In this post, we will show you how to implement a short term weather forecast using a type of deep learning known as recurrent neural networks (RNN). The particular type of RNN we use is called a Long Short Term Memory (LSTM) network. We will use Keras (version 2+) with the TensorFlow backend as the framework for building this network.

In this post we’re not going to argue the merits of deep learning via LSTMs vs more classical methods such as ARIMA or vice versa. Instead we’re simply showing how to approach and implement a forecasting problem using LSTMs. In general simpler machine learning models should be tried first.

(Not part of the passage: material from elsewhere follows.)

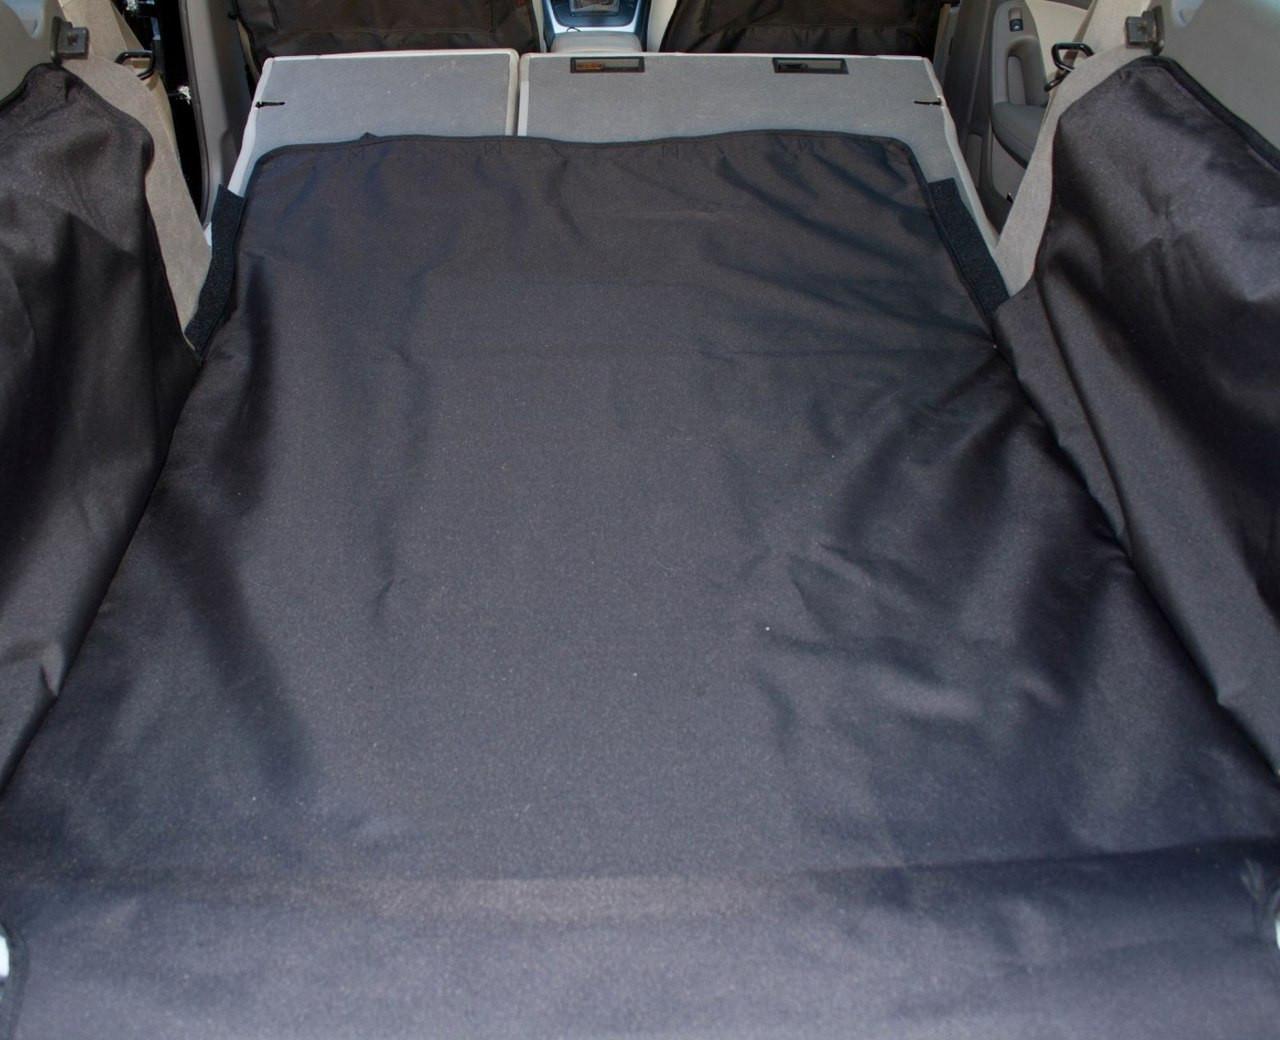 Travelsmart 40385 Car Boot Liner and Bumper Flap to fit Skoda Kodiaq

Why use a Recurrent Neural Network

Recurrent neural networks enable the learning and encoding of temporal features of a signal. This is ideal for forecasting signals which are in some way predictive based on past events. LSTMs are a type of recurrent networks that overcome some of the historic issues related to training recurrent networks, such as the vanishing gradients problem. We won’t delve into the details of LSTMs here and will instead point you to this article for a thorough overview.

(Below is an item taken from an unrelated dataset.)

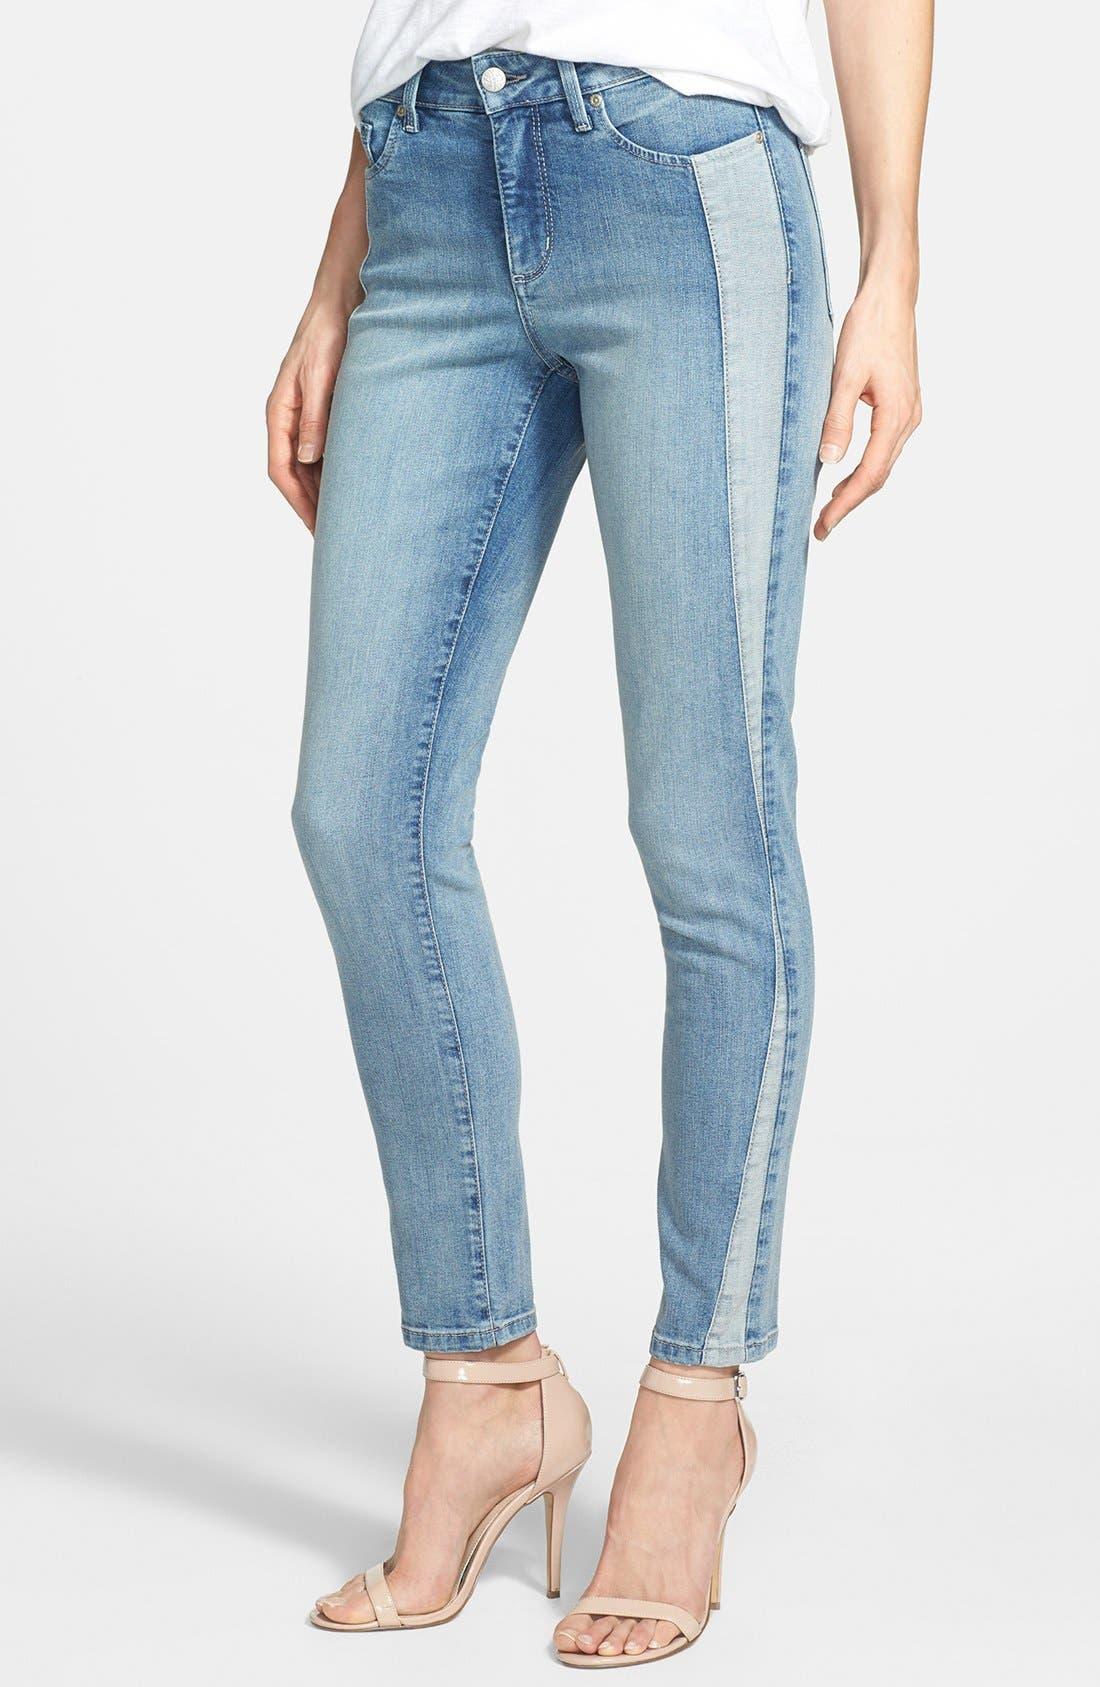 Alternate Image 1 Selected - NYDJ 'Annalynn' Side Inset Stretch Skinny Jeans (Stockton) (Regular & Petite)

Auto-Regressive Integrated Moving Average (ARIMA) models are the most general and commonly used class of models for forecasting of a stationary signal (or a signal which can be made stationary). They support random walk, seasonal trend, non-seasonal exponentional smoothing and autoregressive models.

Lags of the stationarized series in the forecasting equation are called “autoregressive” terms, lags of the forecast errors are called “moving average” terms, and a time series which needs to be differenced to be made stationary is said to be an “integrated” version of a stationary series. Random-walk and random-trend models, autoregressive models, and exponential smoothing models are all special cases of ARIMA models. See here for more details. There are relatively systematic approaches to determining the ARIMA model parameters. There are many many publications and applications of ARIMA to renewables forecasting with various extensions to solve different issues.

To see an application of ARIMA for forecasting and the method for determining the model parameters, see the following notebook.

Baseline Comparison

As a baseline model comparison, we will compare the results of the LSTM predictions with that of a persistence method forecast. A persistence method forecast is simply one that uses the observed reading from the previous timestamp to predict the current timestamp. Such a method is very simple but surprisingly effective in complex systems where values between successive timestamps changes little. As the forecast horizon increases, these methods can be seen to be less and less effective. However, cyclical patterns can lead to larger horizons being more accurate than medium horizons (think about the presistence method forecast for the temperature at horizon 12 and 24 hours.. The 24 hour prediction should be more accurate than the 12 hour as it is for the same time of day)

Weather Data

As we want to make predictions on the weather at a given location at a given point in time, we need observational data for that location. Another common approach is to predict the power output of a wind farm which is of course based on the weather and the power conversion properties of the wind turbines.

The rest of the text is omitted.